**YOUR TASK**
Given the listing below, write out exactly the lines starting with the line that has "Personnel Records of" and going on through the line that has "Pros and Cons", both kept.

**RECORDS FOR THE EXERCISE**

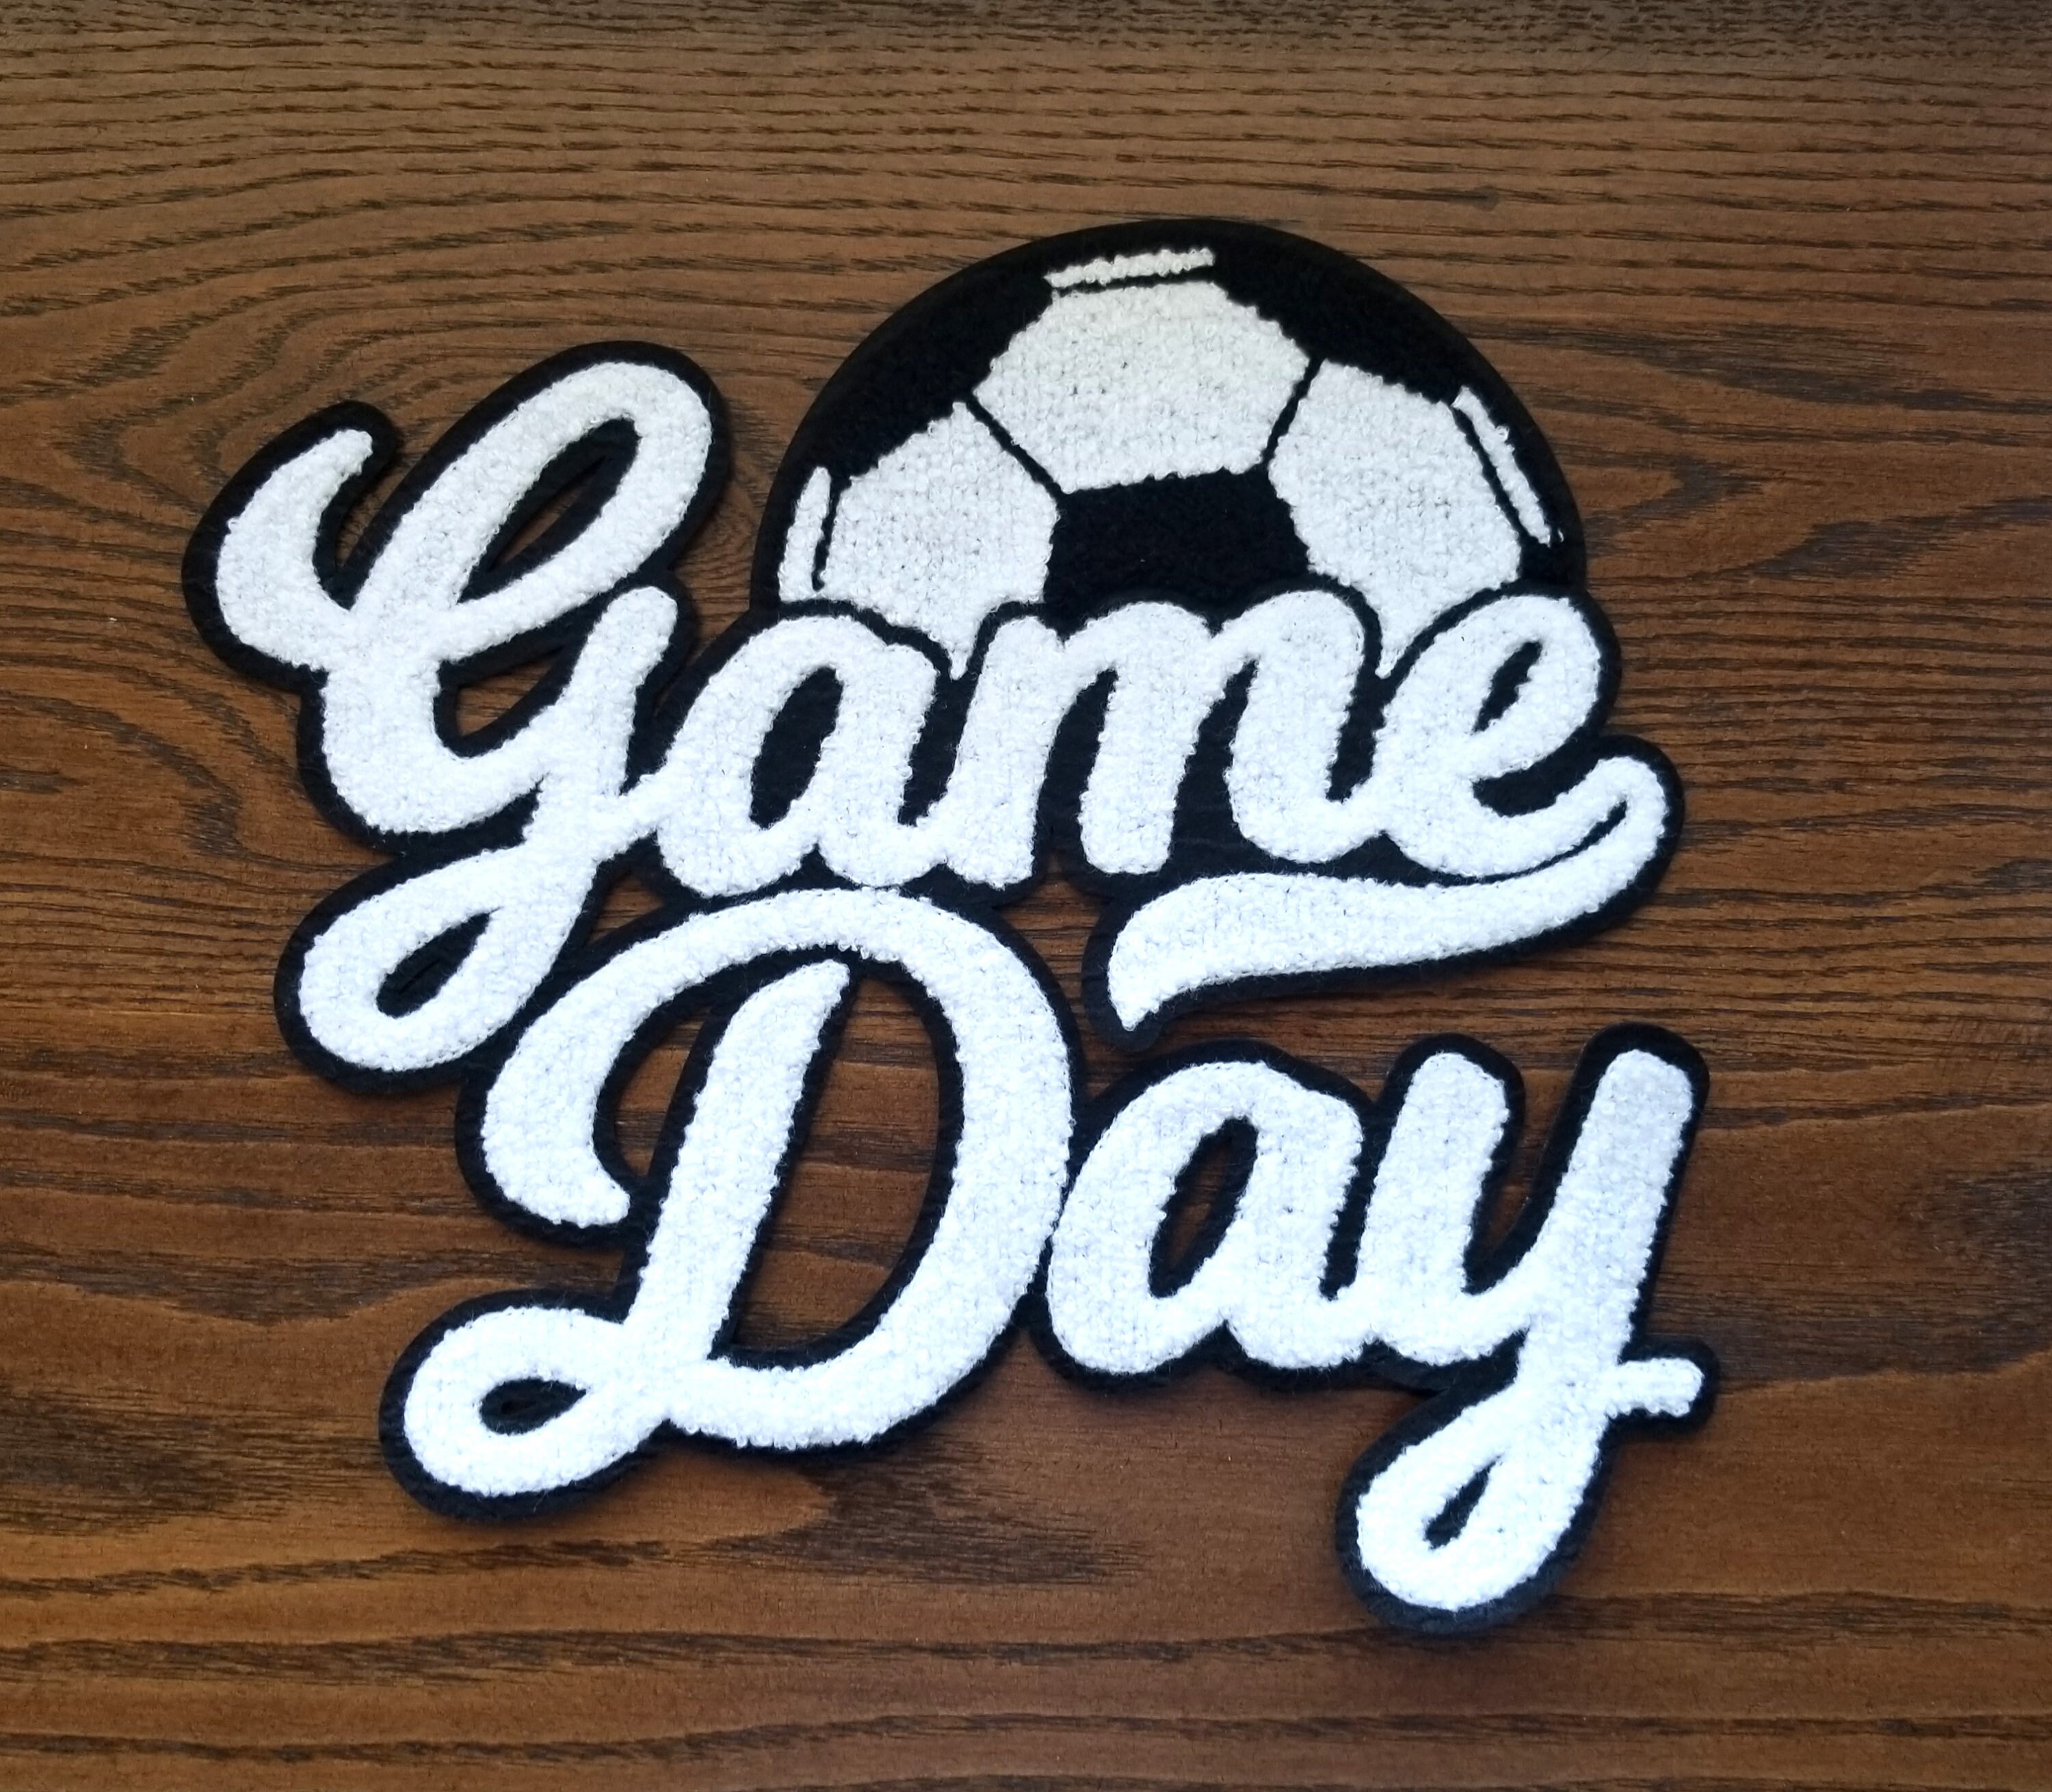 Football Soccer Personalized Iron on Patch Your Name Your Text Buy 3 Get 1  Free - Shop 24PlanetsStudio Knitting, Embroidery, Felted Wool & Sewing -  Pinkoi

---

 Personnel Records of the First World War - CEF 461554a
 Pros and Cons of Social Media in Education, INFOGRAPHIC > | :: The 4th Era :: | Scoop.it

**SOLUTION TO THIS PROBLEM**
 Personnel Records of the First World War - CEF 461554a
 Pros and Cons of Social Media in Education, INFOGRAPHIC > | :: The 4th Era :: | Scoop.it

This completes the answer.